Could you repeat word for word only the lines from the one containing "Petr Kessler Souhrn: Trombofilní" to the last line of the data below?

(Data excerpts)
____________
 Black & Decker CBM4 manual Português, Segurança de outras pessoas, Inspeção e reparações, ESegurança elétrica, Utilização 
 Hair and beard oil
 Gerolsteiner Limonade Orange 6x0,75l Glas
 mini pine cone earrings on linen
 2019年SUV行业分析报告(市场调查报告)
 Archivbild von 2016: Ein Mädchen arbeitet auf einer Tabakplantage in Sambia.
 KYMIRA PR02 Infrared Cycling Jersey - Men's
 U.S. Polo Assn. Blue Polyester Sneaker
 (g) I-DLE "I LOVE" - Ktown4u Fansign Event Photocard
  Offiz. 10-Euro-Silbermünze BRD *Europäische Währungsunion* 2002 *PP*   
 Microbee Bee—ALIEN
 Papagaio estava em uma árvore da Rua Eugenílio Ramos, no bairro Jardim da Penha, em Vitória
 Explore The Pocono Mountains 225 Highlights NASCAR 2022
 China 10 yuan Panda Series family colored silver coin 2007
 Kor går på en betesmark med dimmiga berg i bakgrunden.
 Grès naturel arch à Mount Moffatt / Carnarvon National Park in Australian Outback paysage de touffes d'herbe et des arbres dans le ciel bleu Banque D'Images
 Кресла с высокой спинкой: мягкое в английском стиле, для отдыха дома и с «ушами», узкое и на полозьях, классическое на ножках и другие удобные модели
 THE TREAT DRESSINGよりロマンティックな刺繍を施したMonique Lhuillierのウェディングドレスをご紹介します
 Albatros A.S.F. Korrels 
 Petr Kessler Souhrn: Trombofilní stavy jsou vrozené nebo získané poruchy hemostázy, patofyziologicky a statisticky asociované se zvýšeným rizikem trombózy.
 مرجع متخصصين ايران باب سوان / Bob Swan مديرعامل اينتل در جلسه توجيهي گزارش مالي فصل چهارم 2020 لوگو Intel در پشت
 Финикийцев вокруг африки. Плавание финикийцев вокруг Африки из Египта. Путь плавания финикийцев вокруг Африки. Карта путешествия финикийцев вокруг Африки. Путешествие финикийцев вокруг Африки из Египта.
____________
▶ Your response:
 Petr Kessler Souhrn: Trombofilní stavy jsou vrozené nebo získané poruchy hemostázy, patofyziologicky a statisticky asociované se zvýšeným rizikem trombózy.
 مرجع متخصصين ايران باب سوان / Bob Swan مديرعامل اينتل در جلسه توجيهي گزارش مالي فصل چهارم 2020 لوگو Intel در پشت
 Финикийцев вокруг африки. Плавание финикийцев вокруг Африки из Египта. Путь плавания финикийцев вокруг Африки. Карта путешествия финикийцев вокруг Африки. Путешествие финикийцев вокруг Африки из Египта.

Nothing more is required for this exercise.